For the $96 million, Coulee Dam, Wash.-based Coulee Dam Federal Credit Union, building and testing a solid plan was a team effort between the credit union and IT-Lifeline, a Liberty Lake, Wash.-based provider of disaster recovery and testing solutions.
Prior to partnering with IT-Lifeline in 2008, Coulee Dam FCU, which runs Harland Financial Solutions’ UltraData Enterprise Core on an in-house, IBM AIX platform and a number of ancillary systems including Exchange email, file and print servers and two domain controllers, received data vaulting services from a company located thousands of miles away in Texas, said Shannon Burge, vice president of technology for Coulee Dam FCU.
“The examiners began to focus more on disaster recovery after Hurricane Katrina, and in the event of a disaster, we would have had to recover in Texas,” Burge said. “We wanted a local provider, and IT-Lifeline is only a two-hour drive from us. It’s feasible to get there, but it’s also far enough away for the weather to differ from ours.”
Newly equipped with a more ideal disaster recovery vendor, Coulee Dam FCU formed a testing plan that would be in accordance with FFIEC guidelines and guarantee system recovery within hours, Burge said.
Regulators require a written disaster recovery management plan and evidence of annual critical environment testing. Burge said while the annual test can be a mock test in which key personnel lay out a disaster scenario, discuss their next steps, and identify and address gaps, Coulee Dam FCU chose to physically recover its critical environment every year.
For each of the five annual tests Coulee Dam FCU has conducted since 2008, the credit union and IT-Lifeline set up a private cloud, into which credit union employees recovered the previous night’s backup data from its core system and three or four of its servers. Coulee Dam FCU recovers a different combination of servers in each test.
“The testing process has become much shorter over the years, and I come away from it feeling secure,” Burge said. “I know that if we had to declare a disaster, I’d be very comfortable.”
IT-Lifeline CEO Matt Gerber said Coulee Dam FCU’s process of testing its core system annually and rotating servers before each test, as opposed to testing its core system and all of its servers every year, is an example of a disaster recovery best practice.
“Credit unions need to first identify the different areas of their IT operations,” Gerber said. “The regulators do not want them to test all of their servers. They need to determine which is the most critical, test three or four of those at a time, and rotate them every year.”

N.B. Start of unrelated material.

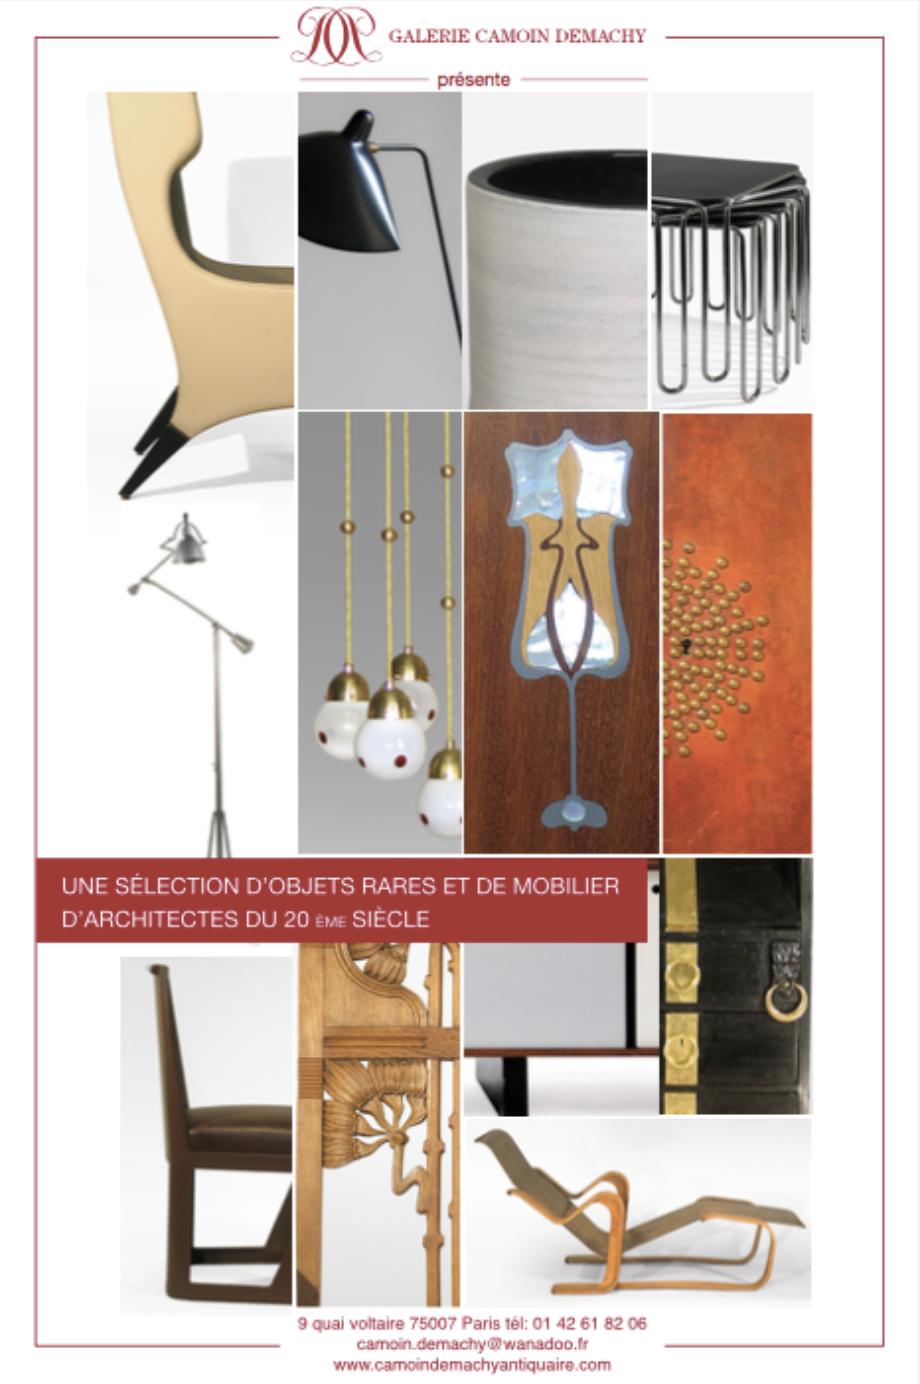 Expo-Galerie-Demachy-2012-Galerie-Avenir

The most common culprit of an IT disaster is a hardware failure. Gerber said it’s caused around 90% of the incidents he’s seen. For example, if a cluster of four servers supports 25 applications and one of the four servers dies, it may take down the other three servers and all 25 applications with it. He said disasters can also occur due to the accidental deleting of a file or folder, and, although it’s rare, an external factor such as a fire at a data center.
The biggest misstep credit unions take in the disaster planning process, Gerber said, is neglecting to conduct annual tests.

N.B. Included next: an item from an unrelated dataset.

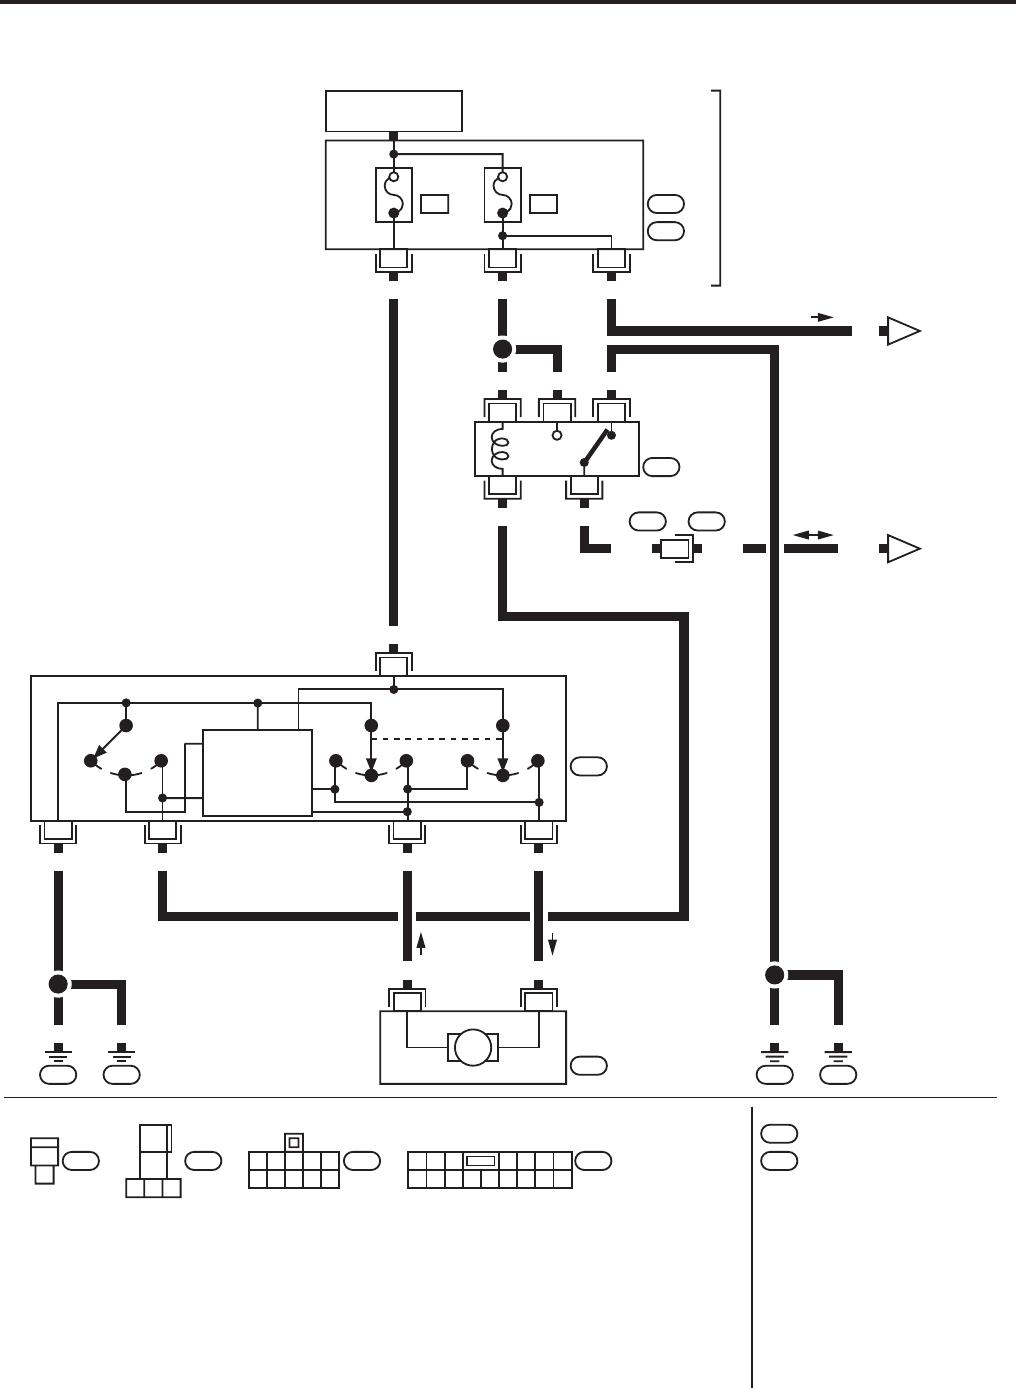 Astounding Nissan Ga16De Wiring Diagram Wiring Library Wiring Cloud Uslyletkolfr09Org

“Some will attempt to make a recovery for the first time in two years, and it will take much longer [than it would have after one year], because in that time period, systems change and people come and go,” he said. “What [IT-Lifeline] does is help financial institutions plan for, document and report annual tests so they can give the evidence to their examiner. With those documents, they’re ensuring they have a much higher probability of recovering in the event of a disaster.”
When Coulee Dam FCU conducts its next test in June, the credit union will utilize an IT-Lifeline solution with better virtual machine recovery capabilities. Eighty-five percent of Coulee Dam FCU’s environment is virtual, Gerber and Burge said. Additionally, Burge said the credit union would like to begin testing once every six months.
“We want to have that cadence, that rhythm, in our testing, so if something happens, we’re prepared,” Burge added.